Immigration is good if the people who want to live here also want to contribute to life here. If they are bringing skills, knowledge and yes, finances, then they are to encouraged. There are exceptions when people in genuine need of sanctuary are welcome, but it has to be a case of their reason for coming is because they're coming to a safe, well off society...if they're going to add to the burden rather than add to the country, then what's the point of their coming?
Colin Townsend, UK
I'm afraid that the answer to this question is that at the moment we just don't know. Immigration on this level and from such different cultures to such an established society has rarely happened in the past so we are involved in something of an experiment. One thing is for sure though - we're going to find out!
Christian Tiburtius, UK
Why were the figures relating to net migration and immigration only used in relation to the UK labour market? Surely, the key point is that we have an ageing population with virtually full-employment. The growth or shrinkage in the labour market is a key factor in these economic arguments. Growth in the hospitality sector, mentioned by Blunkett for example, is set to increase by 4% per annum over the foreseeable future. On a social level, it is interesting to look back at what the little Englanders have always said about immigrants/asylum seekers from the Huguenots onwards. The same irrational outbursts just different targets.
Conrad Lashley, UK
Controlled immigration is a great thing for any country especially ours. It's the flood of illegal immigrants that cause the problems and measures to stop this should be looked at, surely it would be more cost effective to boost customs checks to stop entry rather than have open doors and pay for all the migrants who arrive with their hands out.

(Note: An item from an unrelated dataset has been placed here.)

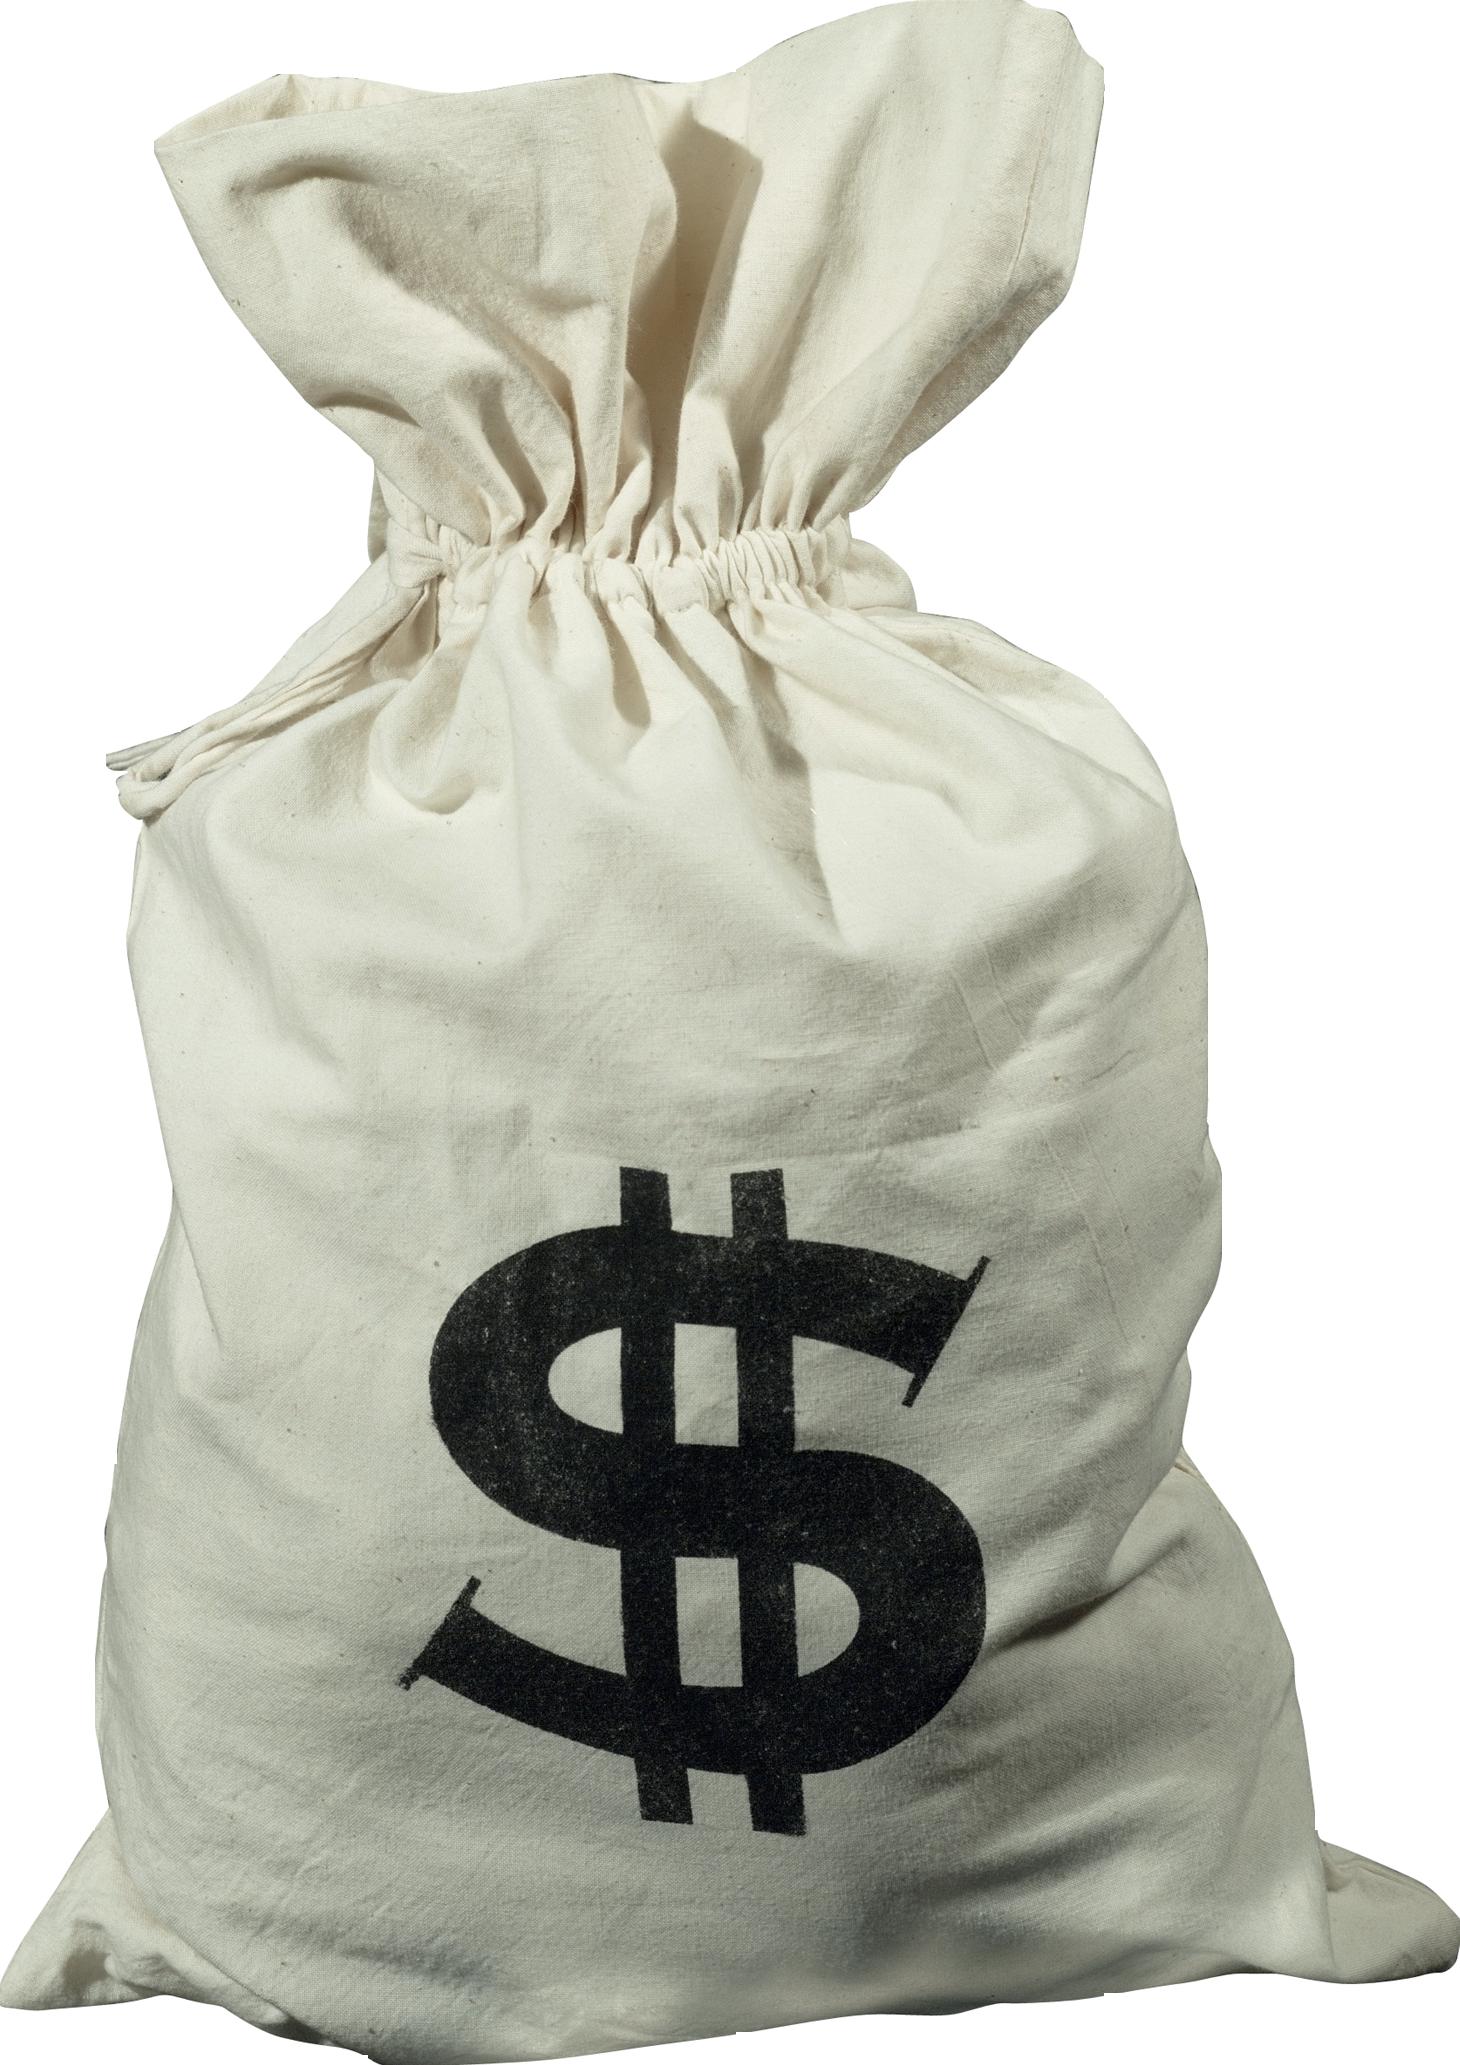 Money bag clipart transparent background svg free stock Money bag PNG image svg free stock

My partner is an immigrant into the UK, she is from Hong Kong. Her parents have paid a lot of money to private schools university, not to mention they pay taxes for the house she lives in (all going to help create jobs). My partner now has got her right to live here and is working as a researcher for Kidney disease. She is as British as anyone, even though she does not have citizen ship yet. In a country whose population is aging can we really afford not to let young hard working and skilled people in?
Simon Tazzyman, UK
Immigration is very good as well as bad for a country. If every immigrant is in possession of a job and pays taxes to the country, there will be some benefits.

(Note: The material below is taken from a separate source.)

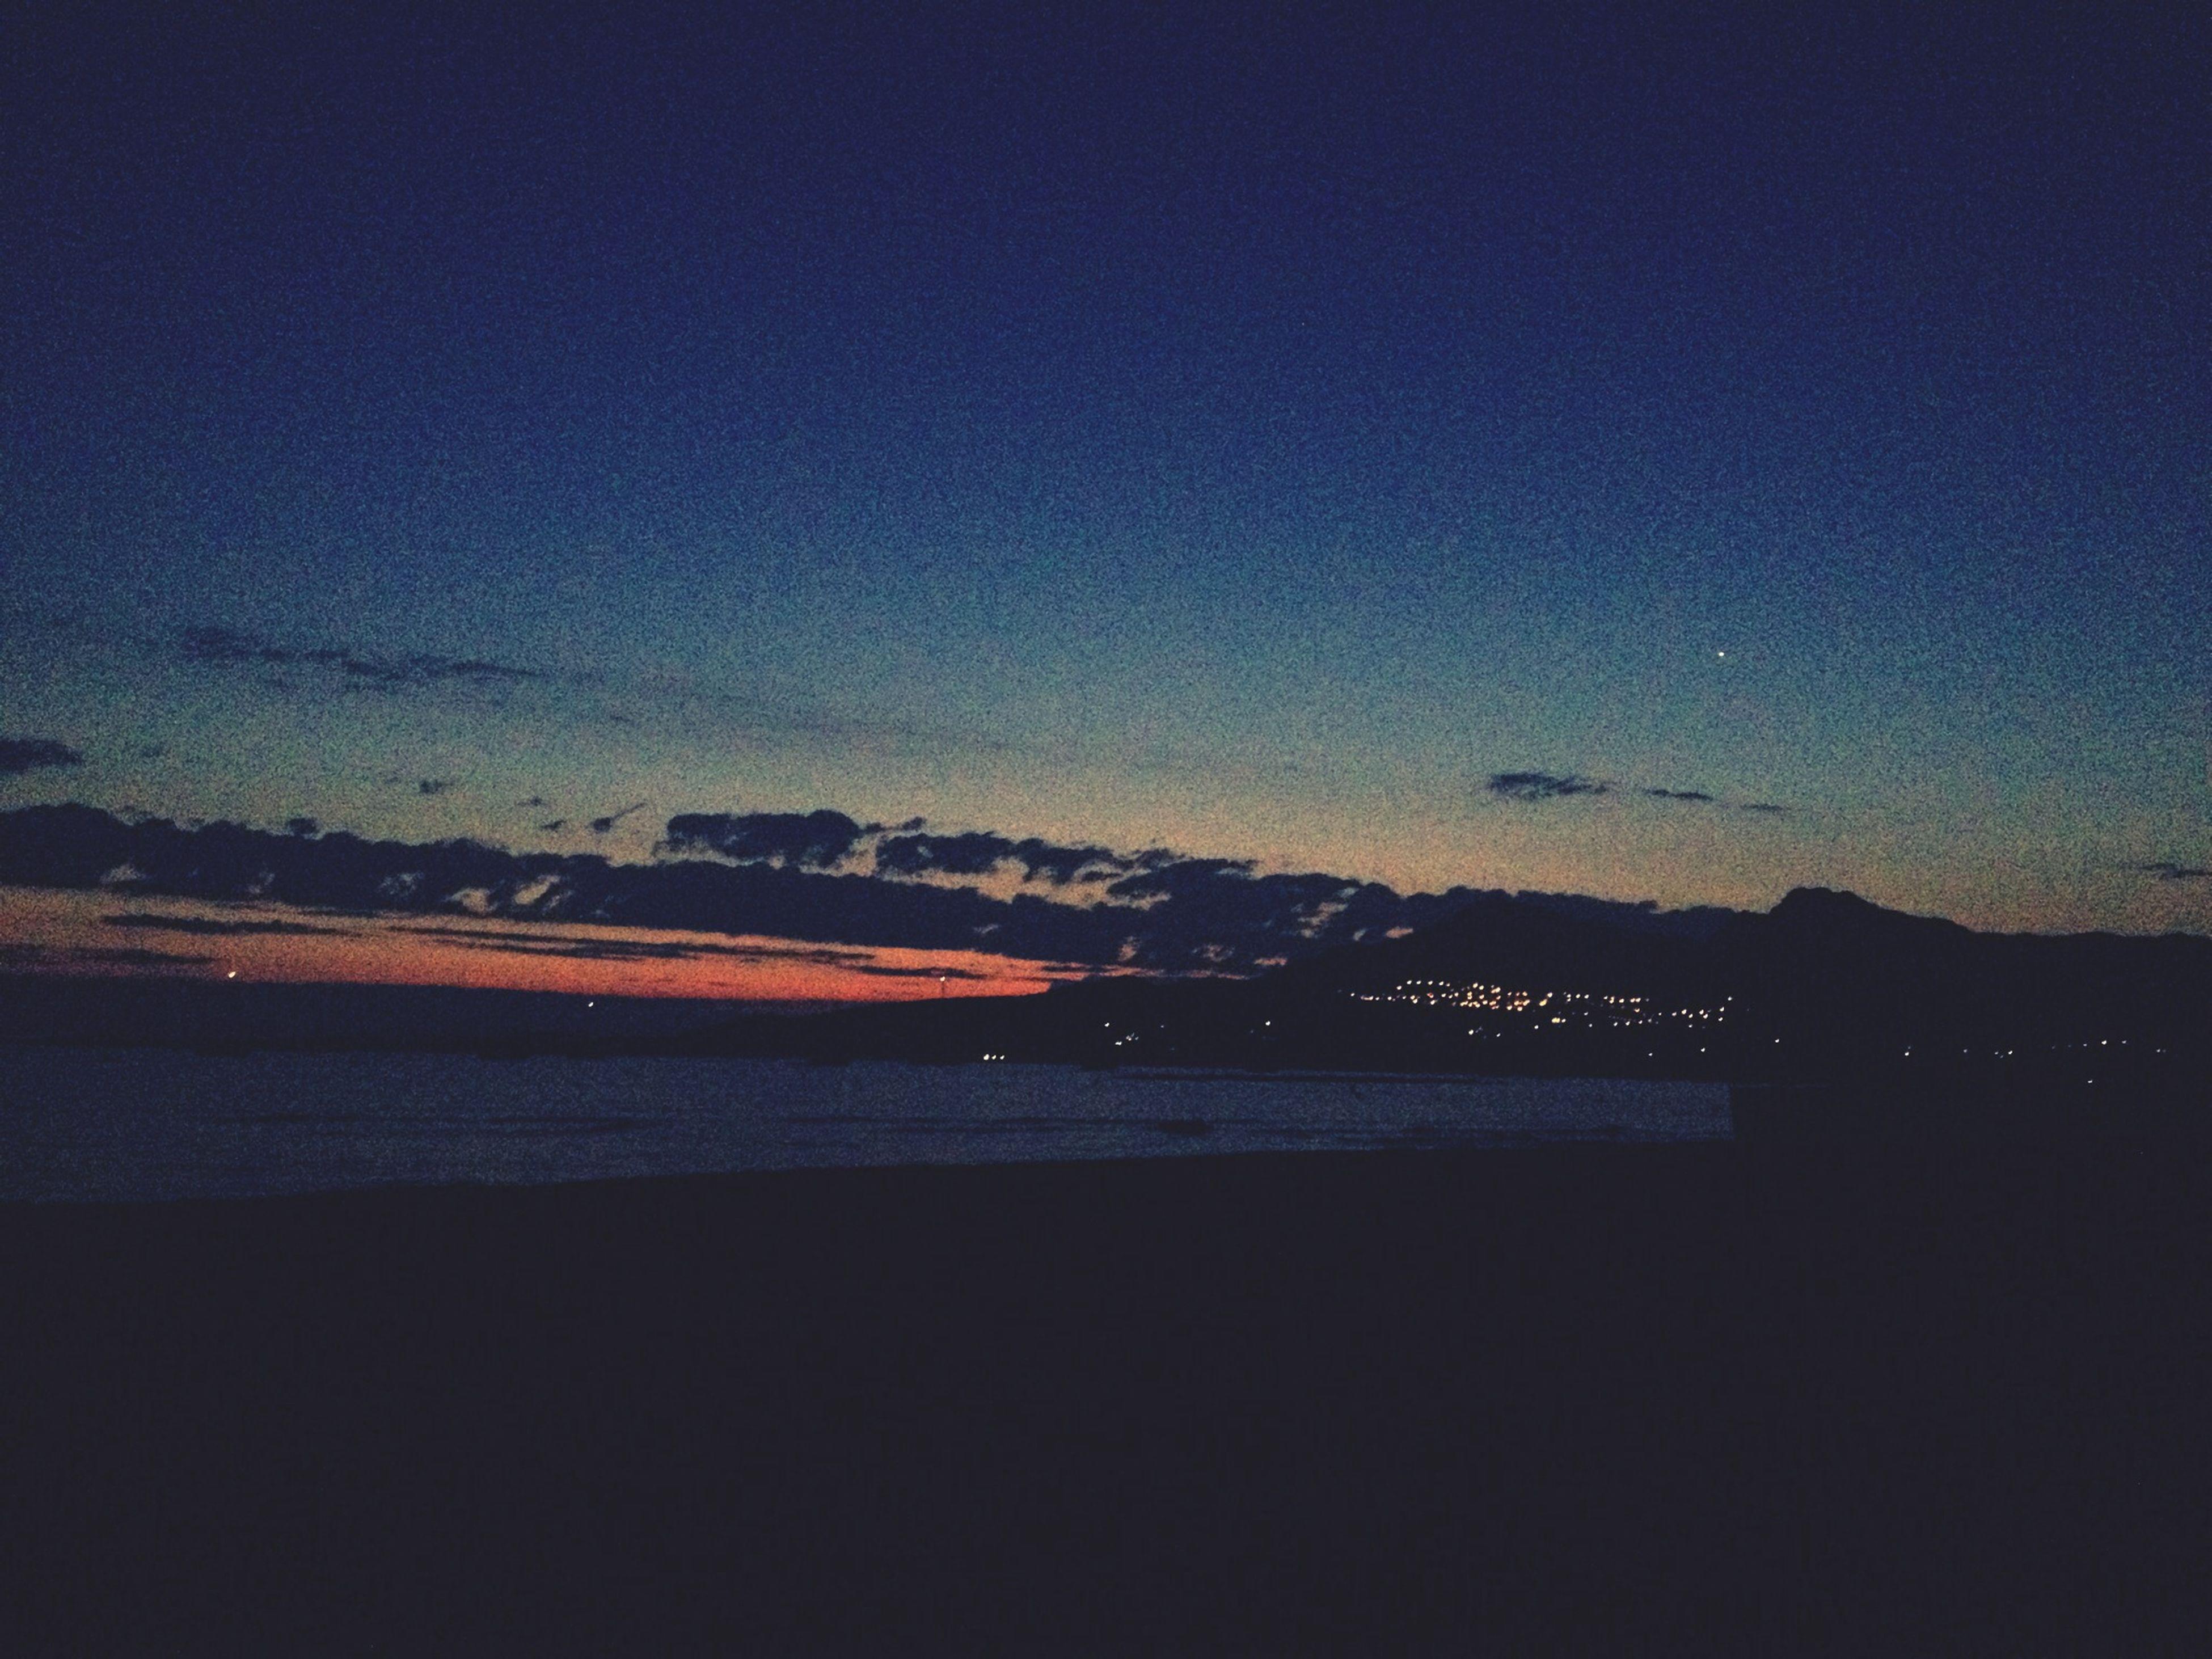 Night Landscape Corsican Paradise 5oclocksomewhere

I always thought that UK, especially South East, is overpopulated as it is. How economic migrants could contribute, if they need state provided housing, education for their children, use of NHS etc. Does it really is so profitable for the state economy to let them in and even get a profit out of it?

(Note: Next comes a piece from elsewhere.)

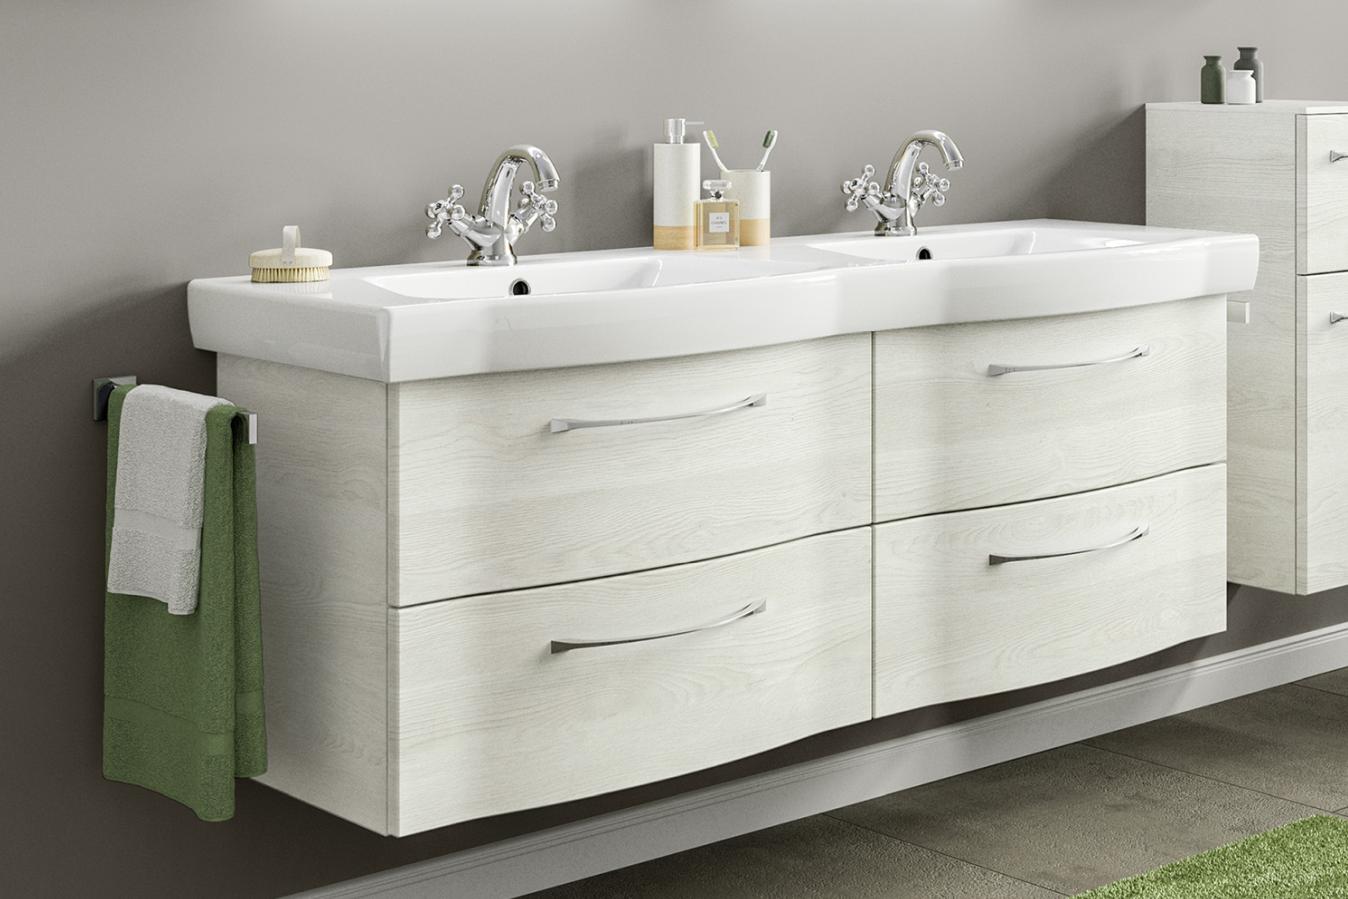 pelipal solitaire 6005 doppelwaschtisch mit unterschrank 137 cm breit badm bel 1. Black Bedroom Furniture Sets. Home Design Ideas

Let's bring in the industrious migrants who are so keen to come here, and kick out those of our indigenous population who are work-shy slackers!
Yes, if you attract the people with the right skills. However, we have a crumbling transport infrastructure, over-stretched NHS and a severe housing shortage, so it would be a lot better to solve these before encouraging any increase in the population. We also have a problem with jobs being exported to India and other low-cost countries, if this continues, and unemployment rises, a further population increase will just fuel the resulting social problems. I suspect that this is really just a piece of spin to cover up the failure to tackle the asylum issue, and pretend that it is really a cunning plan for the benefit of the country.